───── Source material

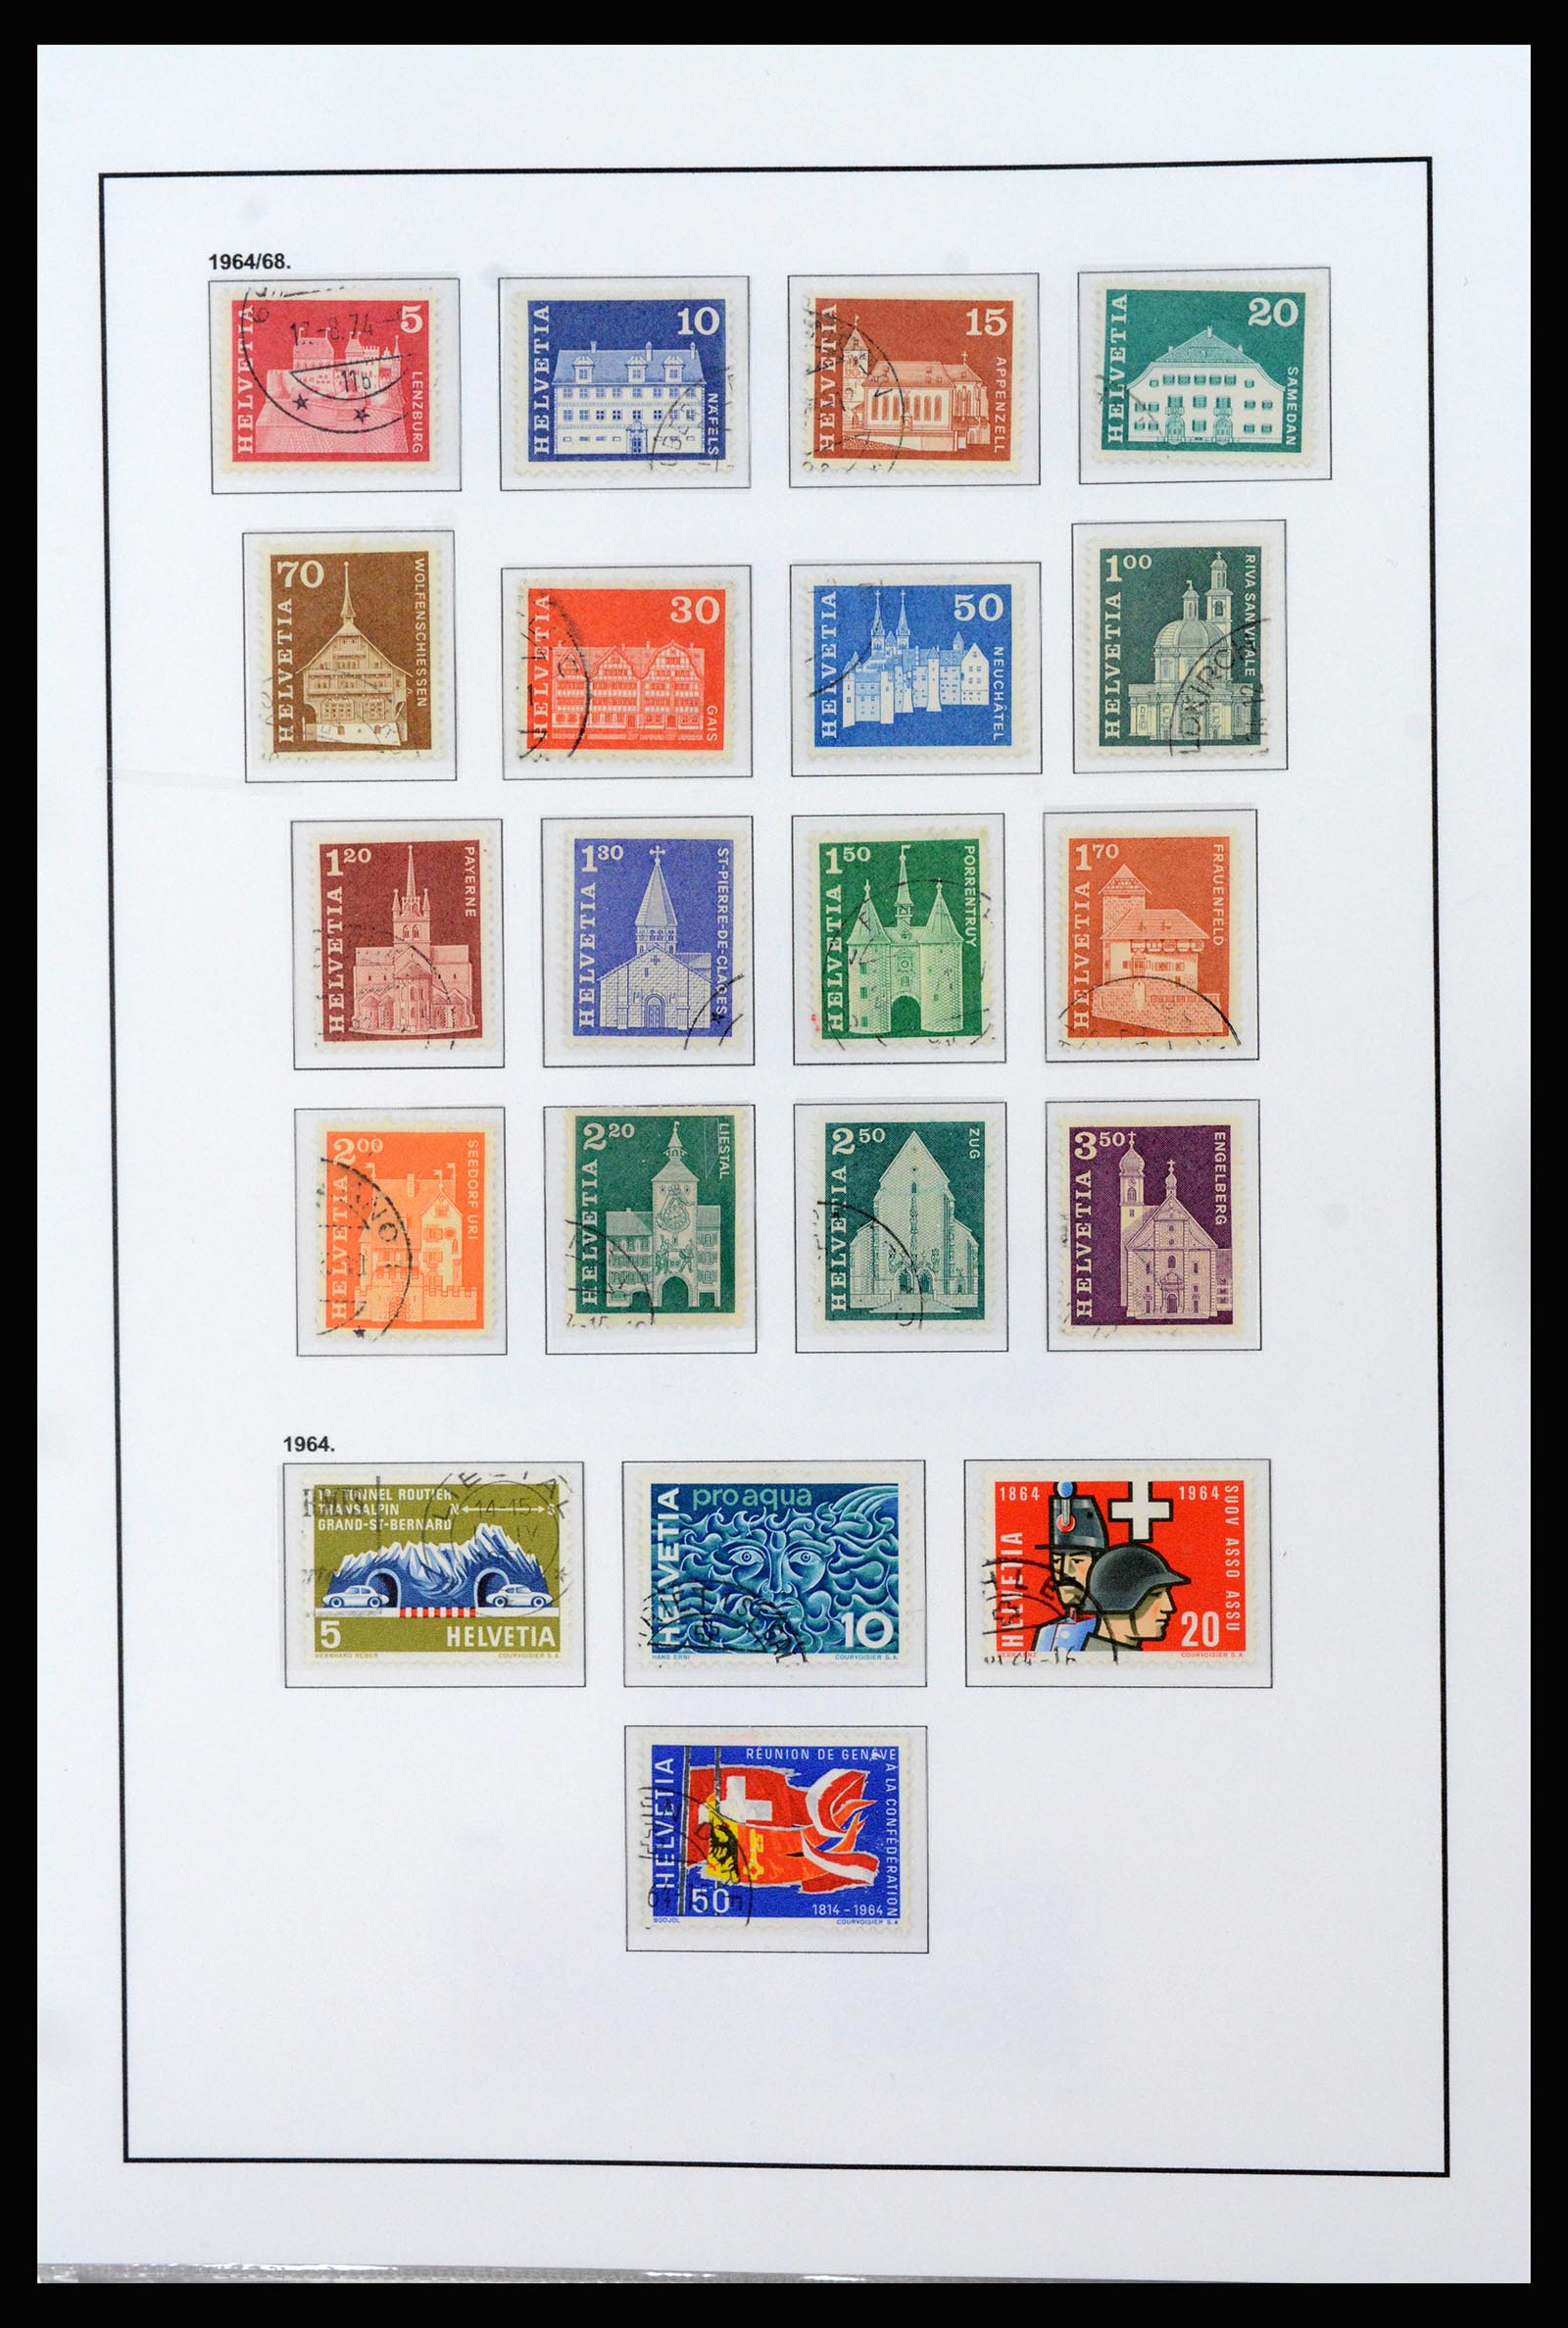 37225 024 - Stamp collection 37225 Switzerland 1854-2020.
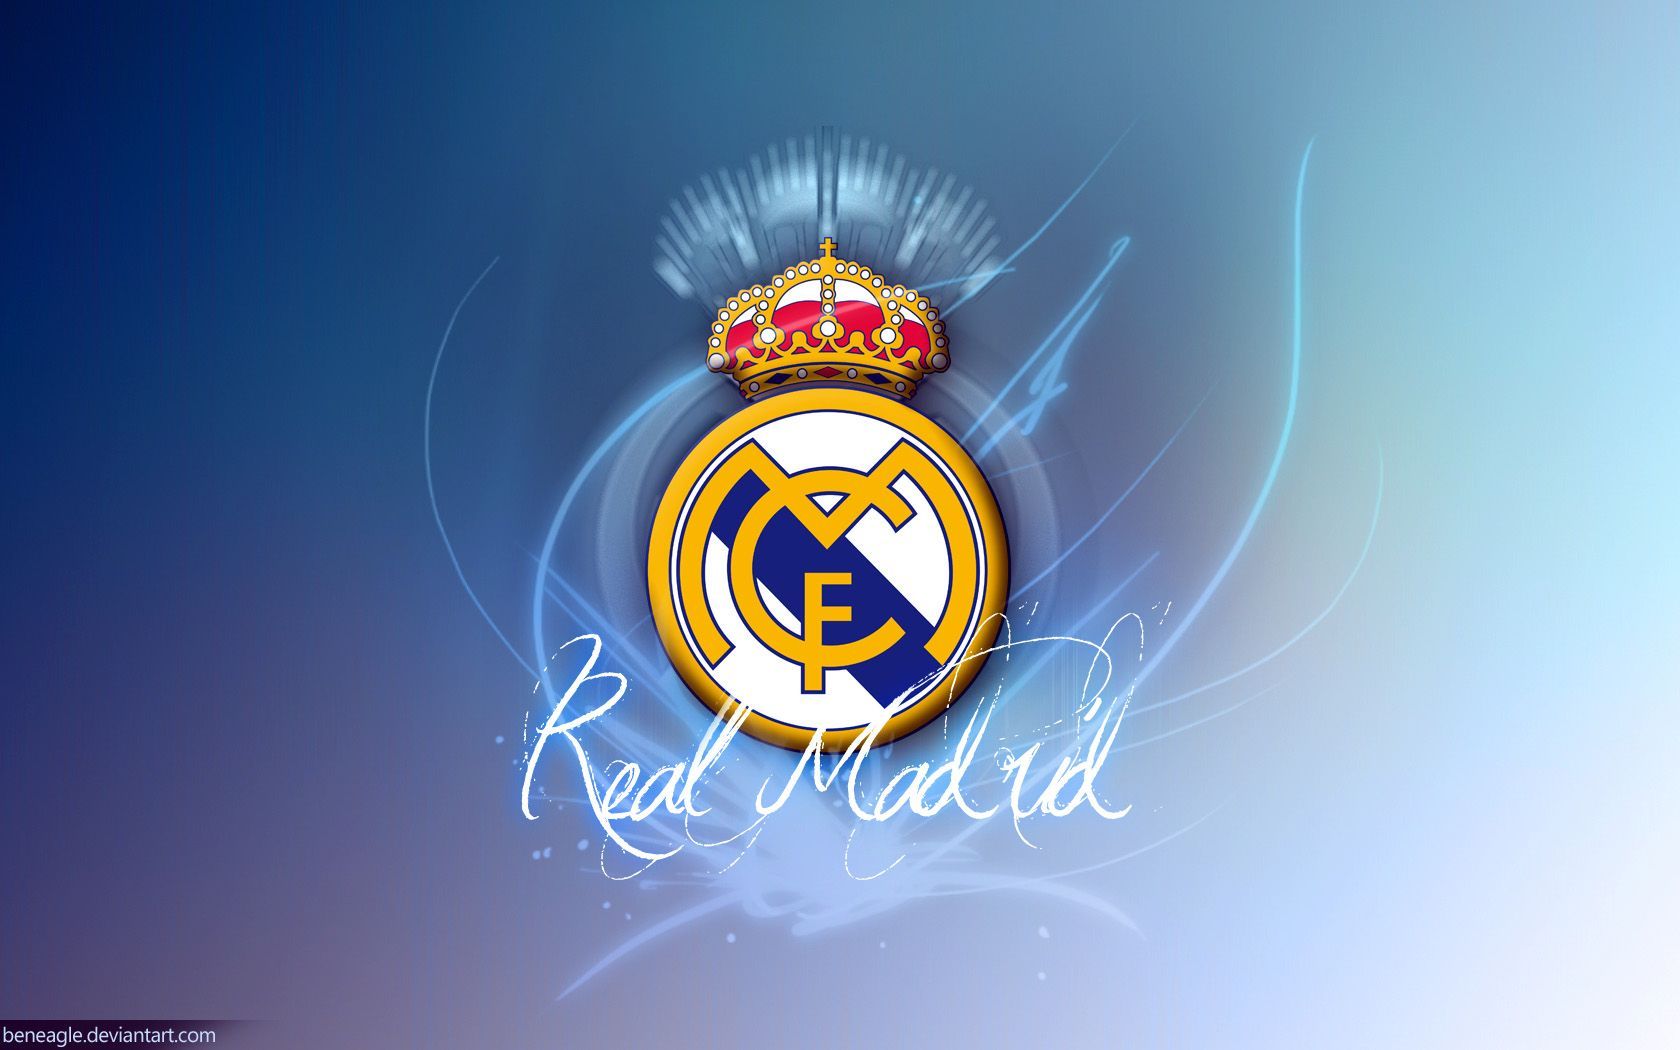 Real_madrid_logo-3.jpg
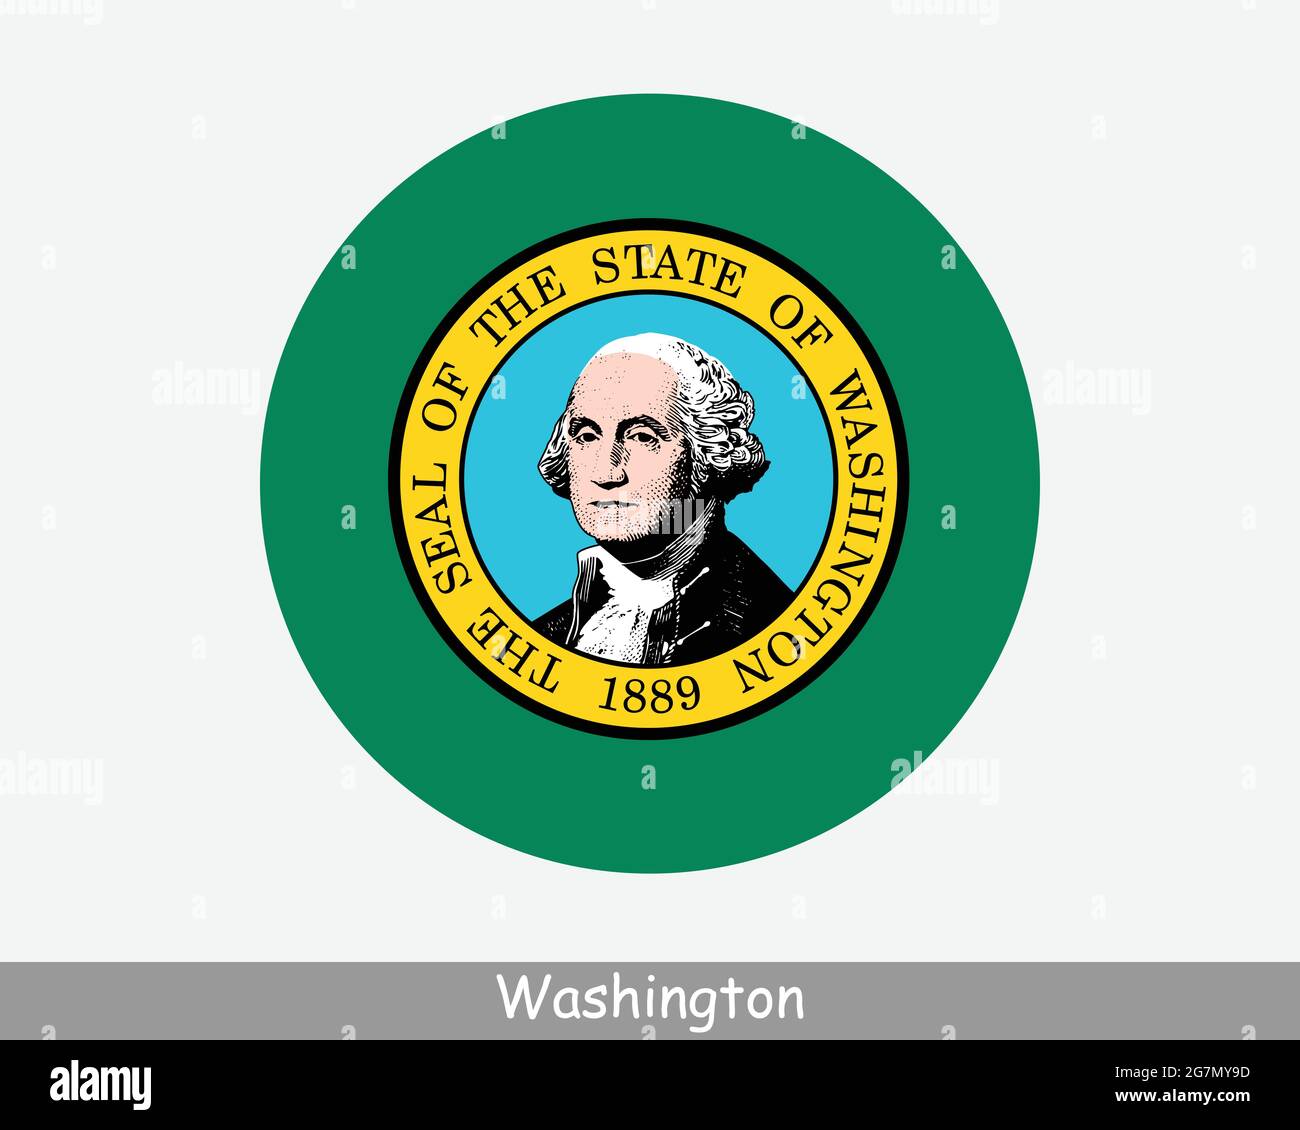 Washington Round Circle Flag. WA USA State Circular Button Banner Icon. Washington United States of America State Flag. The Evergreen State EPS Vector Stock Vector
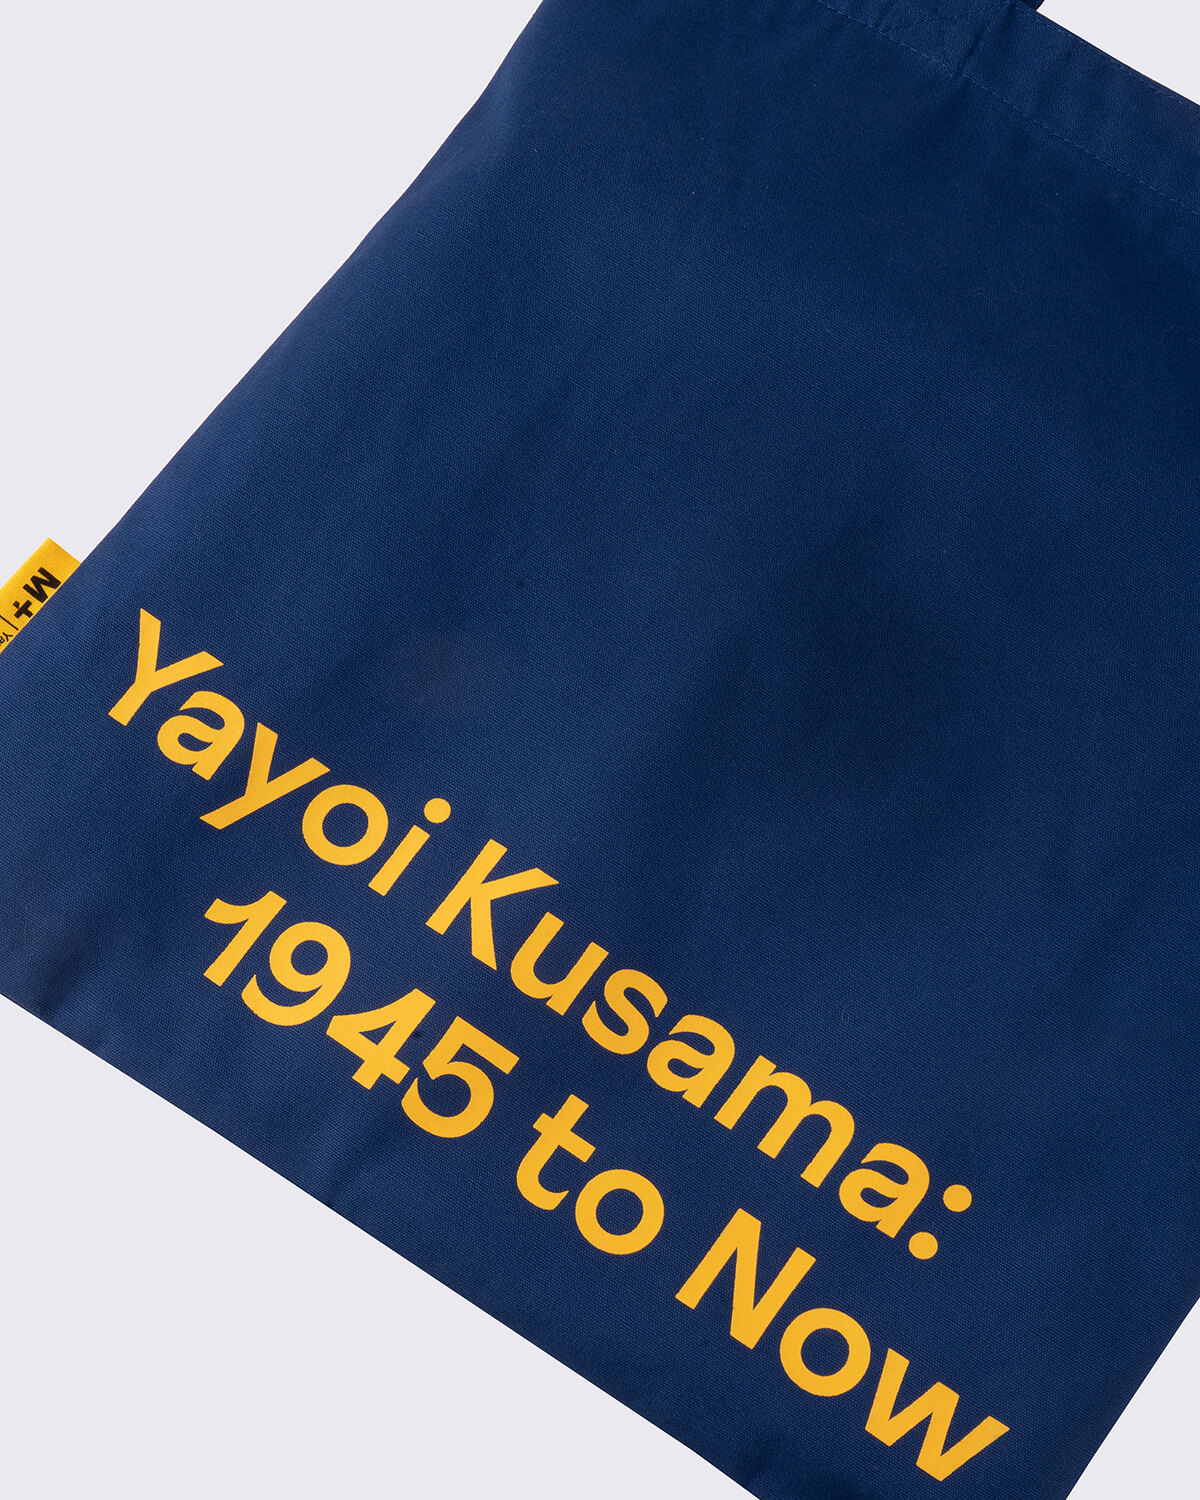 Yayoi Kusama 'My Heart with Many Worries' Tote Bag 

──────────

Please print the line that contains "Real_madrid_logo-3.jpg" along with every later line of the material, exactly, through the last one. Leave pictures out of the copy.

 Real_madrid_logo-3.jpg
 Washington Round Circle Flag. WA USA State Circular Button Banner Icon. Washington United States of America State Flag. The Evergreen State EPS Vector Stock Vector
 Yayoi Kusama 'My Heart with Many Worries' Tote Bag 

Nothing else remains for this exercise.